We have 2 intervention and 3 control practices. This number can be adjusted in the “number of practices” code block above. For the base data generated below, we opt for an average number of referrals per patient of about 0.4 with a standard deviation of 0.02. These parameters are based on the control practices from the previous study in Afferden. Note, however, that, in the previous study, we only had annual data; these data are generated per quarter.
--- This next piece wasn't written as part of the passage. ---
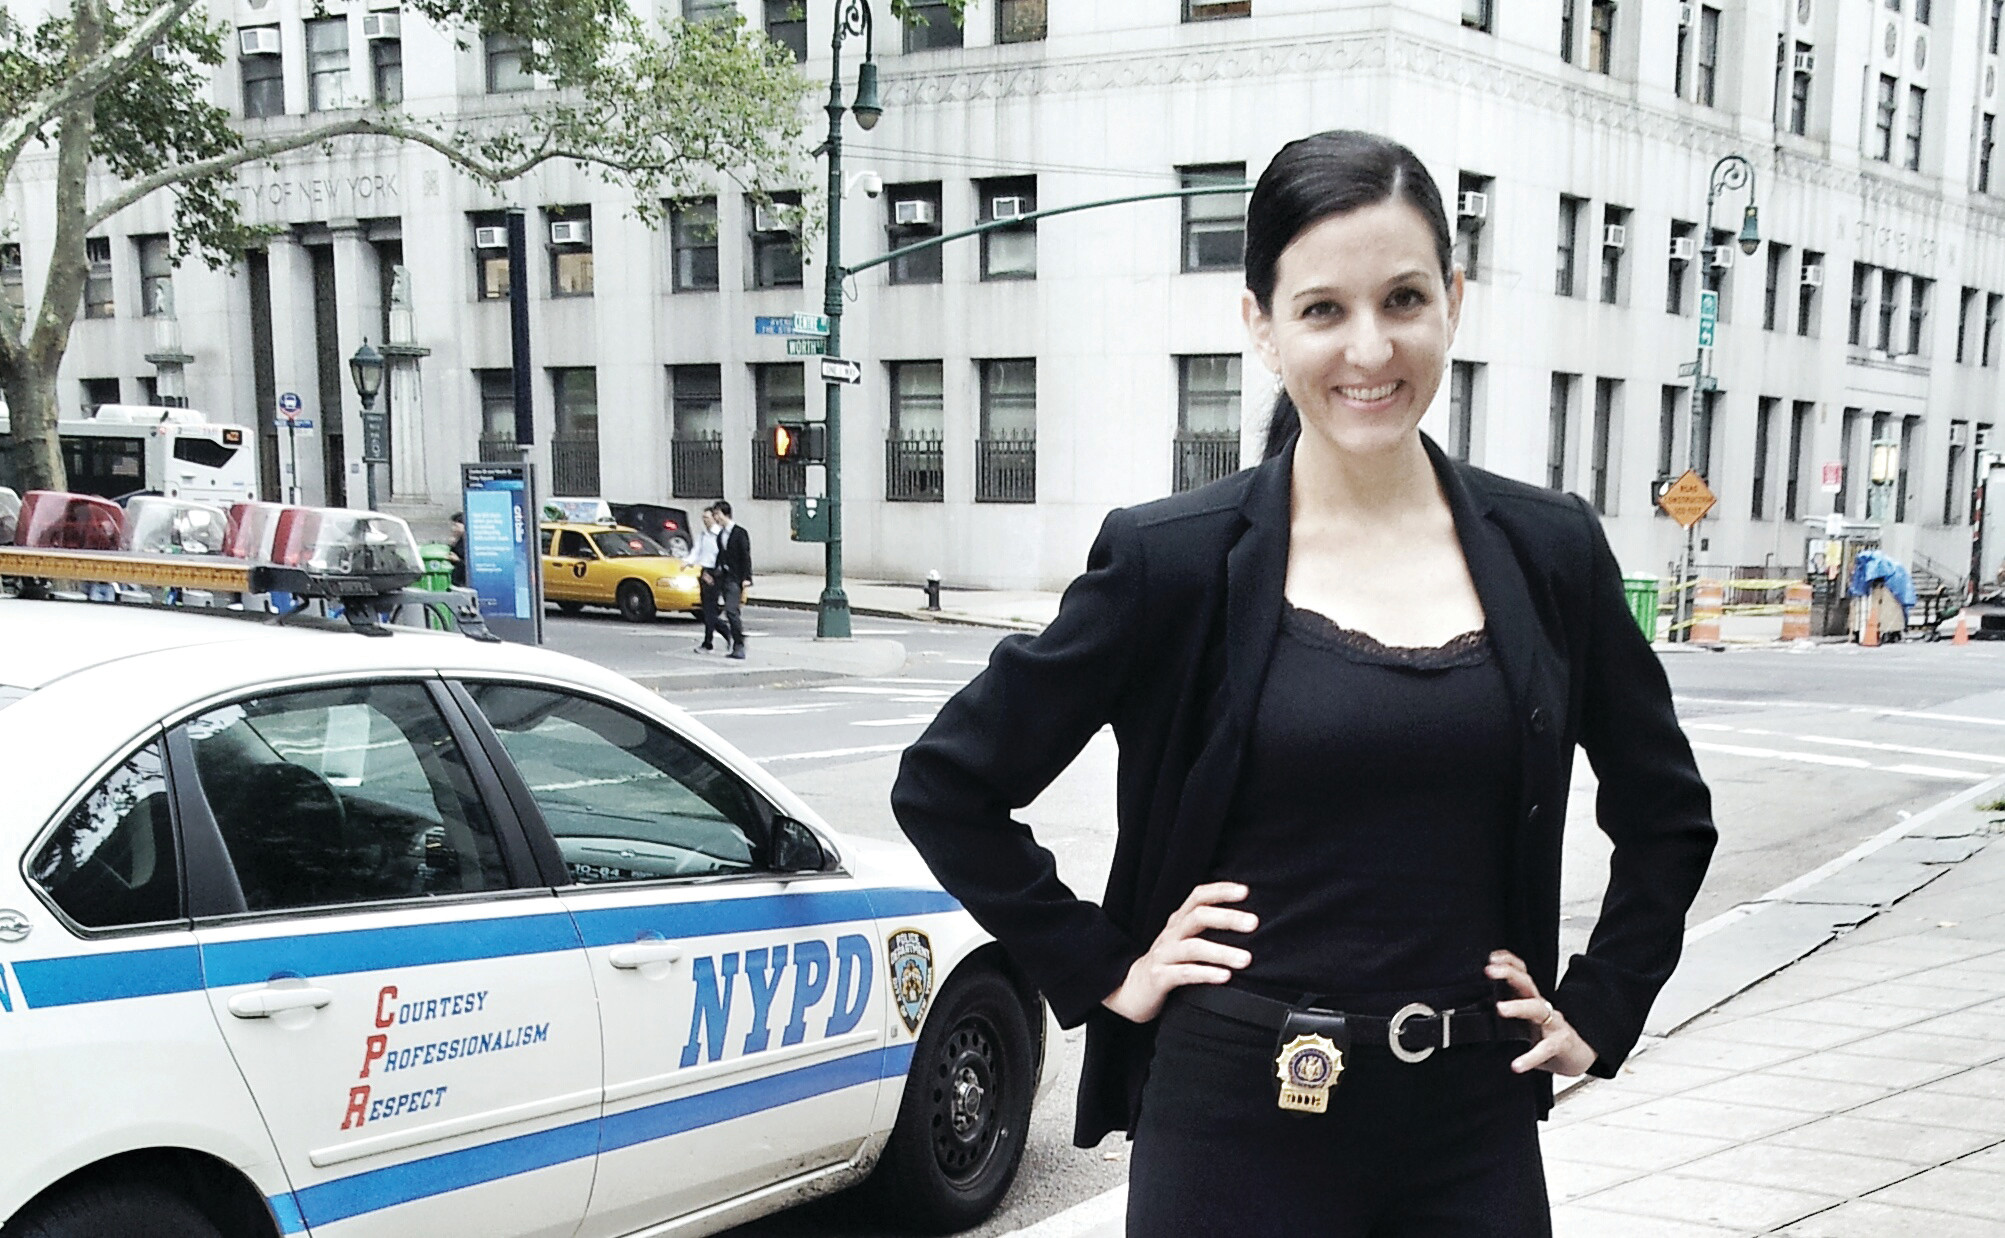 Kelly P. Williams poses for a quick picture while on set for the CBS television crime drama series “Blue Bloods.”

It is not entirely clear whether the variation on a quarterly basis is larger.

Note: To conduct the analysis, we need:

Number of referrals per practice (from the healthcare domain)
Number of registered patients per quarter

Trend Over Time

Code

# Choose a time trend (structural increase/decrease per quarter) that applies to all practices.

TimeTrend <- -0.01

It’s entirely possible that there’s a natural trend (independent of the intervention) in the number of referrals. In the data from the control practices in the Afferden study, it seems that referrals across all practices slightly decrease over time. A time trend might complicate estimating the effect, which is why we’ve also introduced a time trend. This time trend can be adjusted in the code block above.

Effect size and minimum Effect

Code

# Choose effect size

Effect <- -0.04   # 0.04 represents approximately a 10% decrease in referrals

# Choose minimum effect

MinimumEffect <- 0

# Calculate the percentage reduction in referrals for the text

RE <- (Effect / 0.4) * 100

We manually add an effect to our data. In this analysis, we have added an effect of approximately -10 in referrals. The figure we should obtain from our analysis is -0.04. This effect can be adjusted larger or smaller in the code block above.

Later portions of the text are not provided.